The joy of survival diminished as he contemplated hobbling around his hair salon on one leg and never being able to father children or receive pleasure from a bedmate. Why bother living, he wondered as his teeth pulled on the end of his belt while his elbows found purchase on the ground. Instinctively he urged his body out of the hole and defeatist thoughts vanished. Should he stand up and hop for help, he contemplated, or would crawling be a better strategy. His leg looked like it had dangled in a pond of piranha. His dilemma found resolution when a spidery hand clamped onto his good foot and the cockeyed head, with a well-aimed bite, removed his toes. Undeterred by this minor setback Ramon bent forward and pounded the grasping hands with his rock until they became a pair of useless pancakes. Blood fled from his new wound so he ripped out the lace from the shoe with the missing toe and tied it around his ankle. Then he yanked off his Grateful Dead T-shirt and stuffed it into the gaping hole in the crotch of his pants.

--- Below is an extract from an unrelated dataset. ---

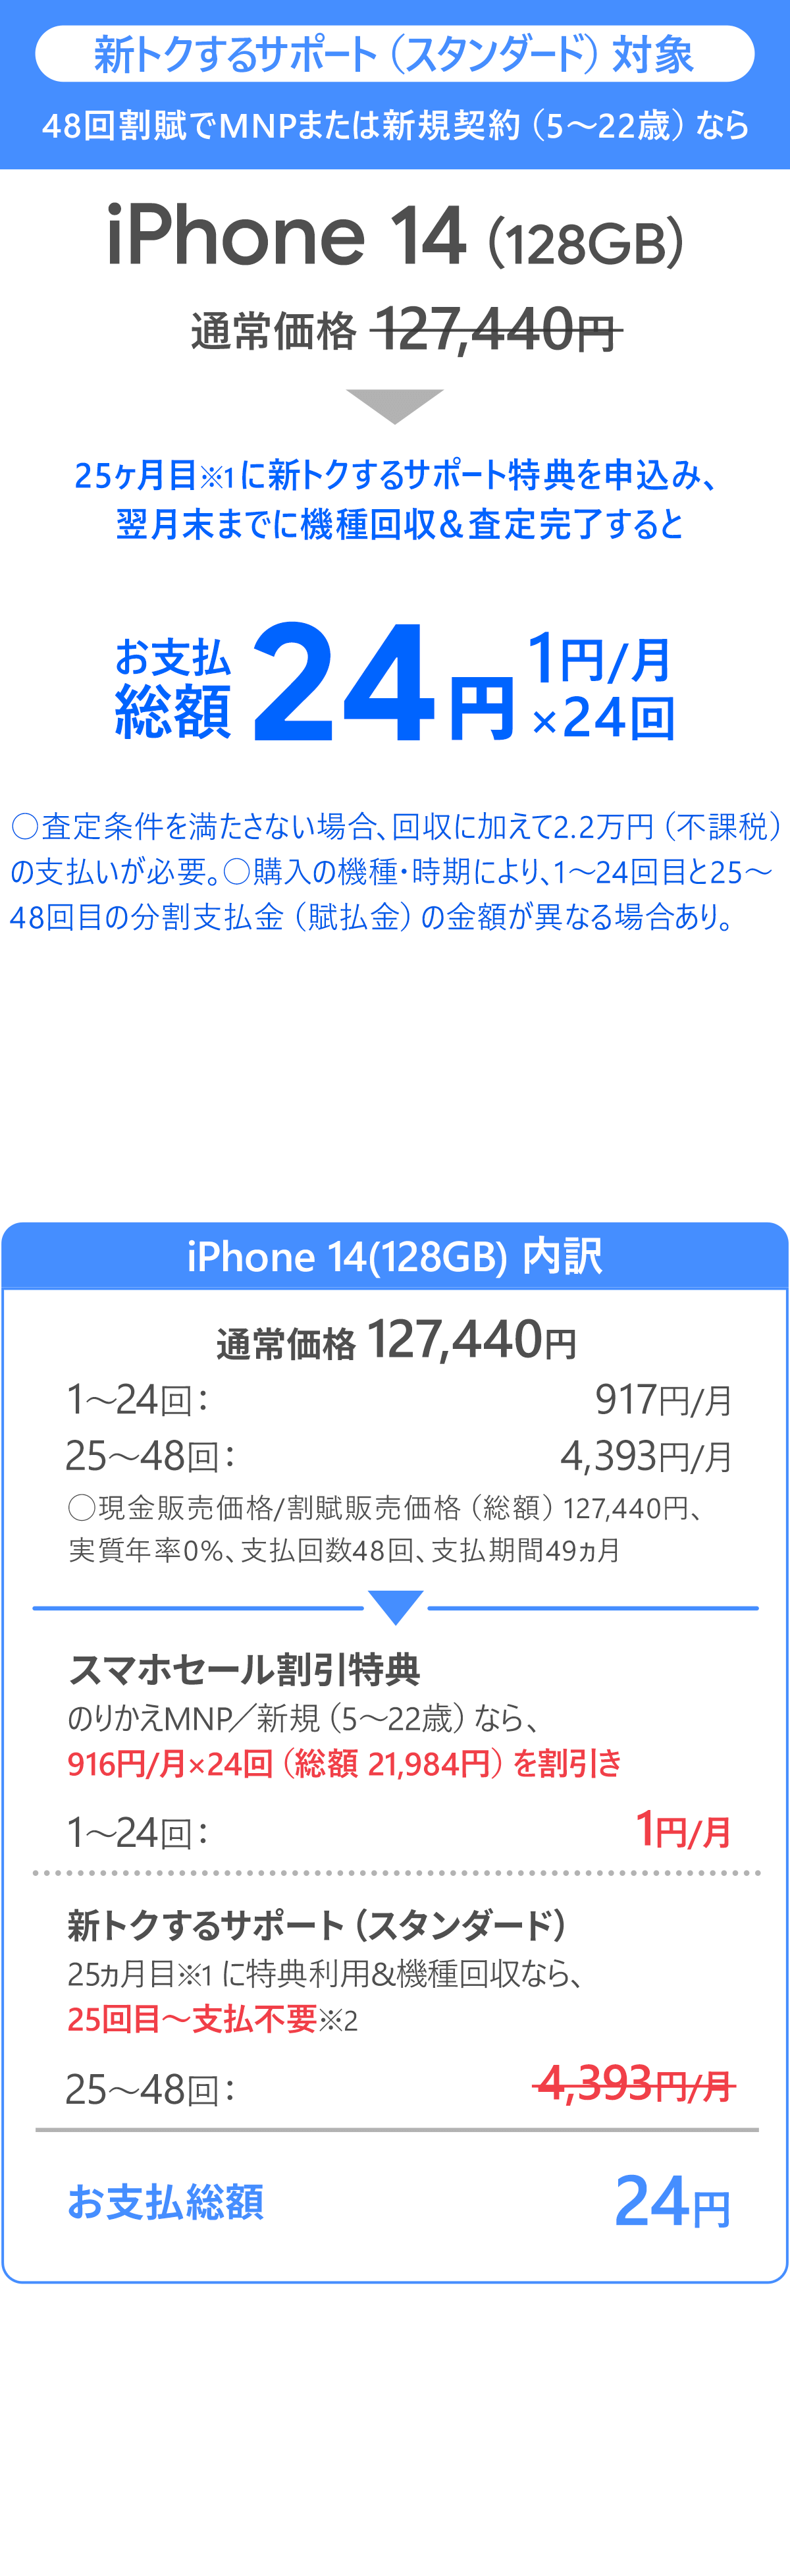 ソフトバンク「iPhone 14 128GB」大セール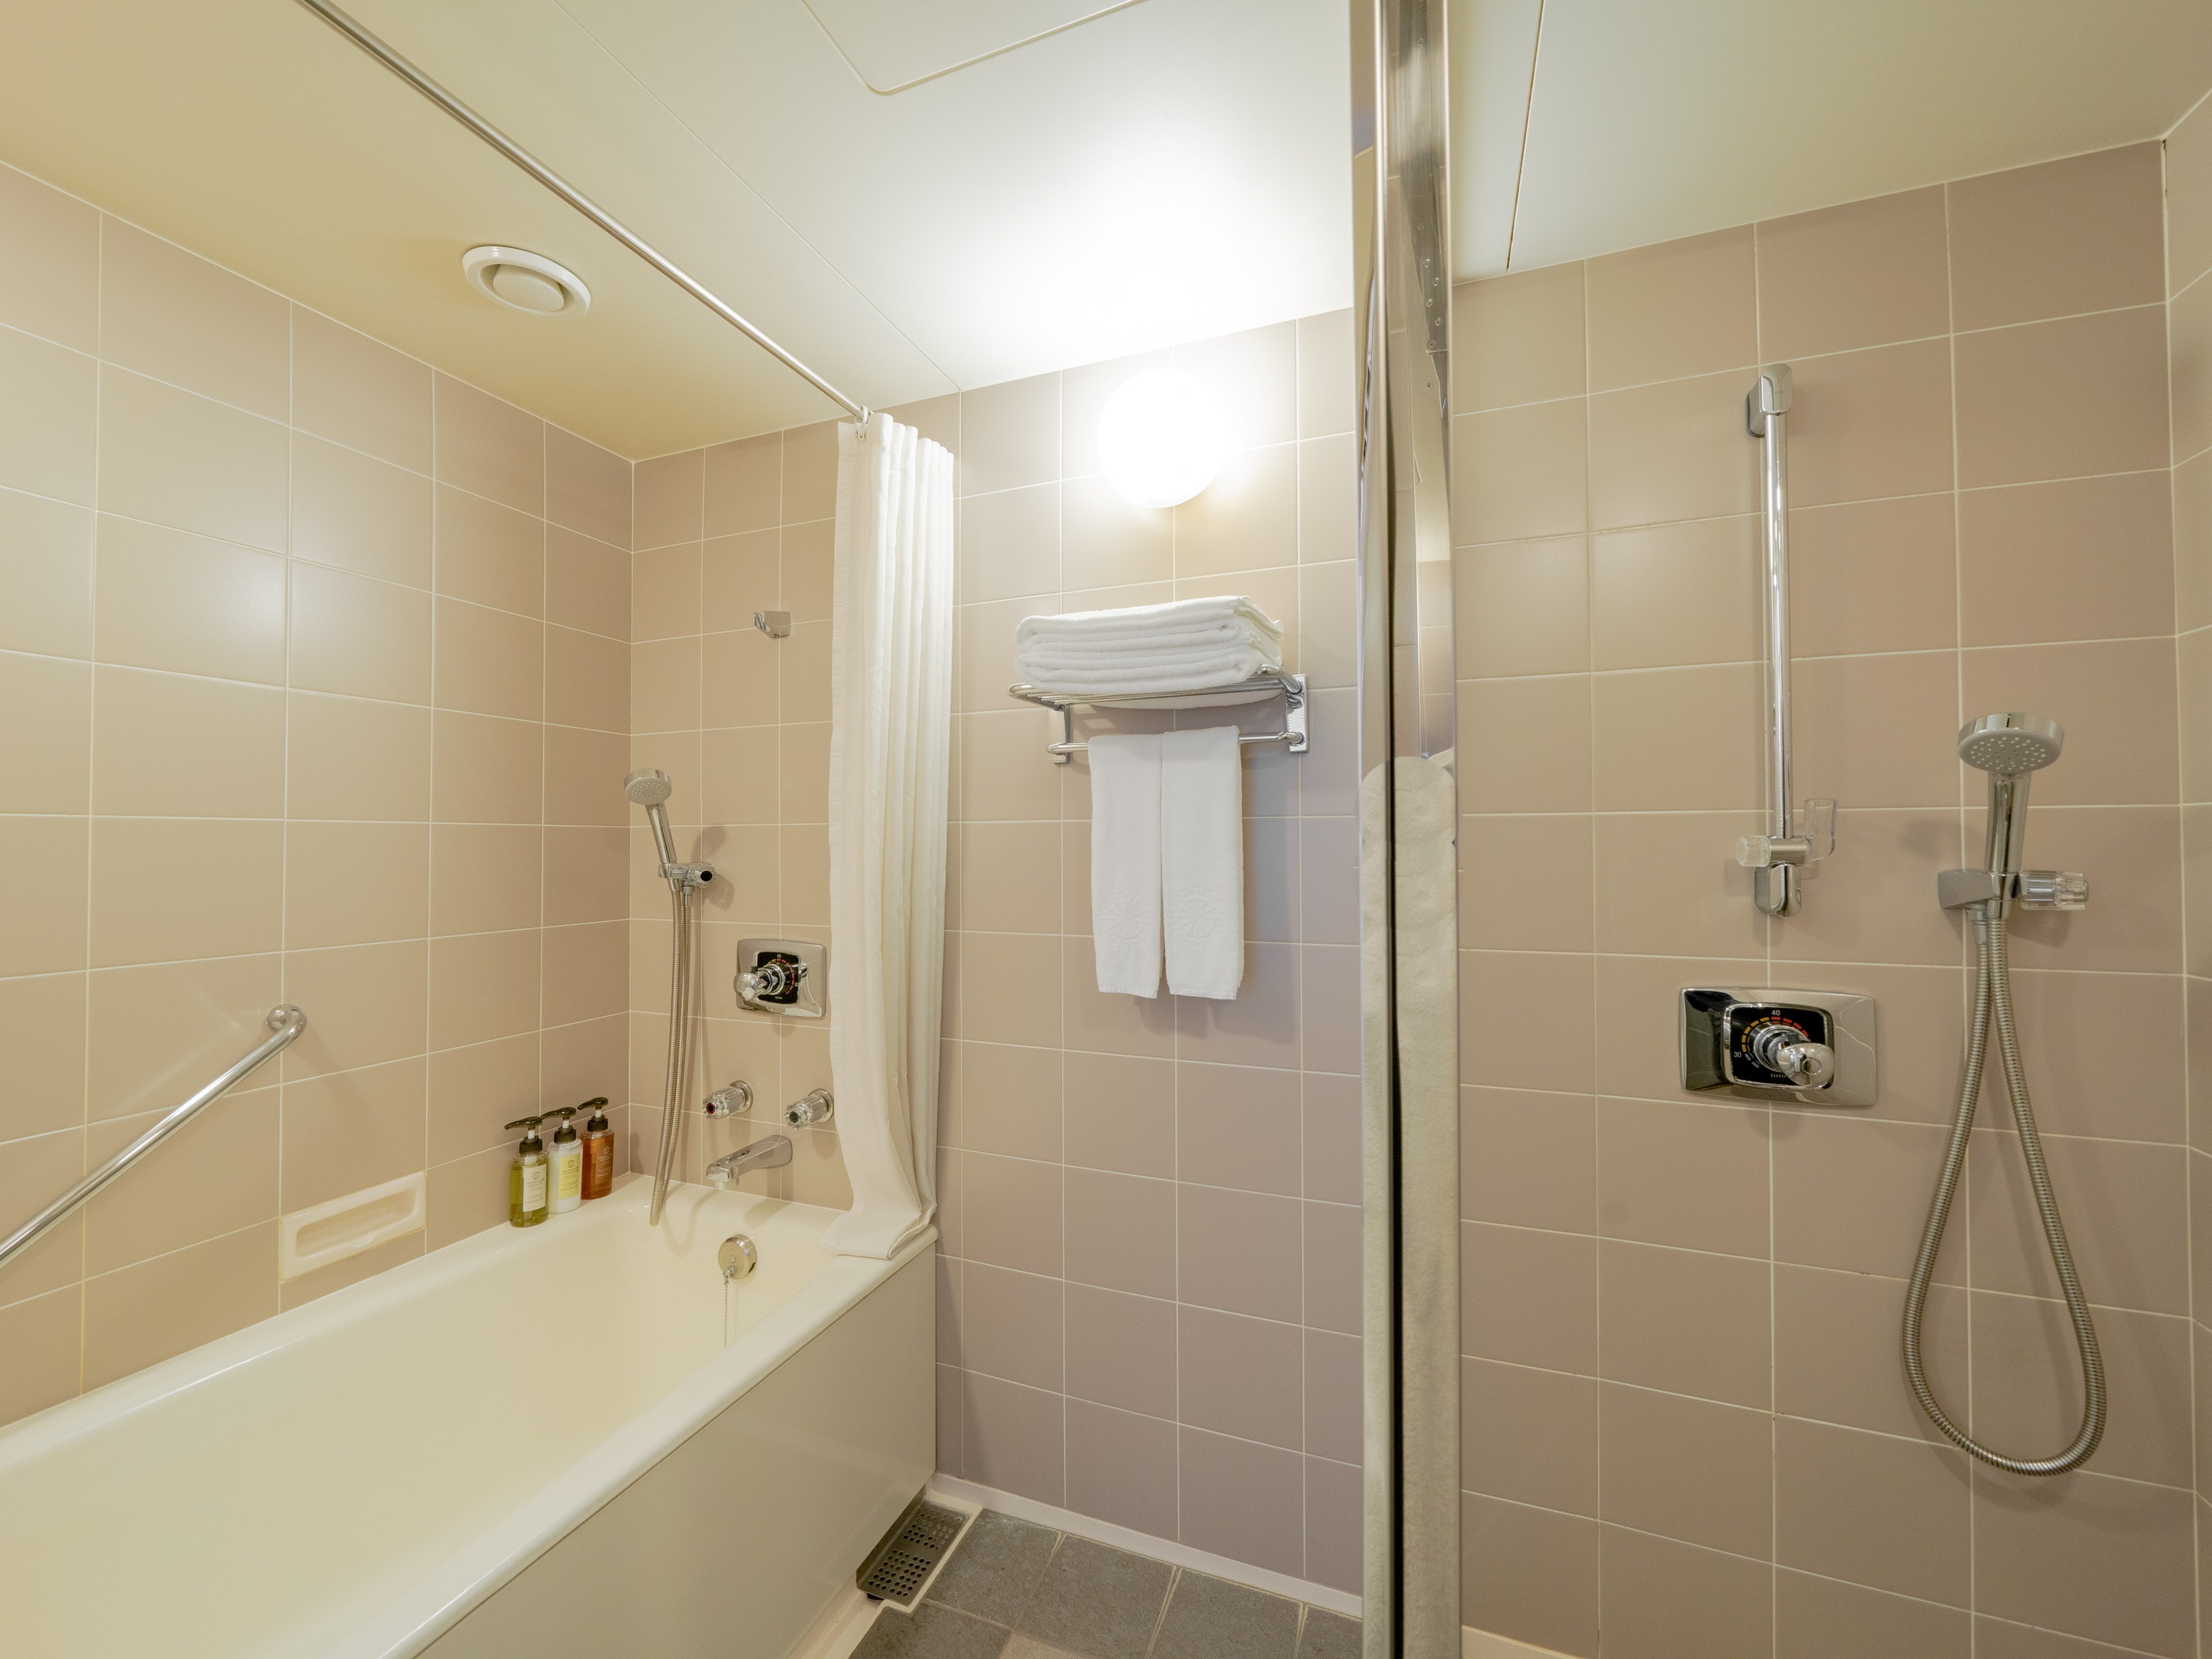 Kamar mandi dengan bilik shower untuk kenyamanan dan fungsionalitas

Crawling commando-style on elbows, Reynolds scrabbled down a steep slope, praying he could get to the road that wound along the bottom of the hillside a mere 50 yards ahead, before death made its call. At an embankment above the road consciousness vanished. His last effort of supreme will was to push himself down the hill. On the descent he hit a rock, knocking out his front teeth and breaking his nose, but he was spared the additional pain because of unconsciousness. Rebounding downwards he encountered a tree, whacked his skull, lost a patch of hair and mercifully came to rest at road's edge.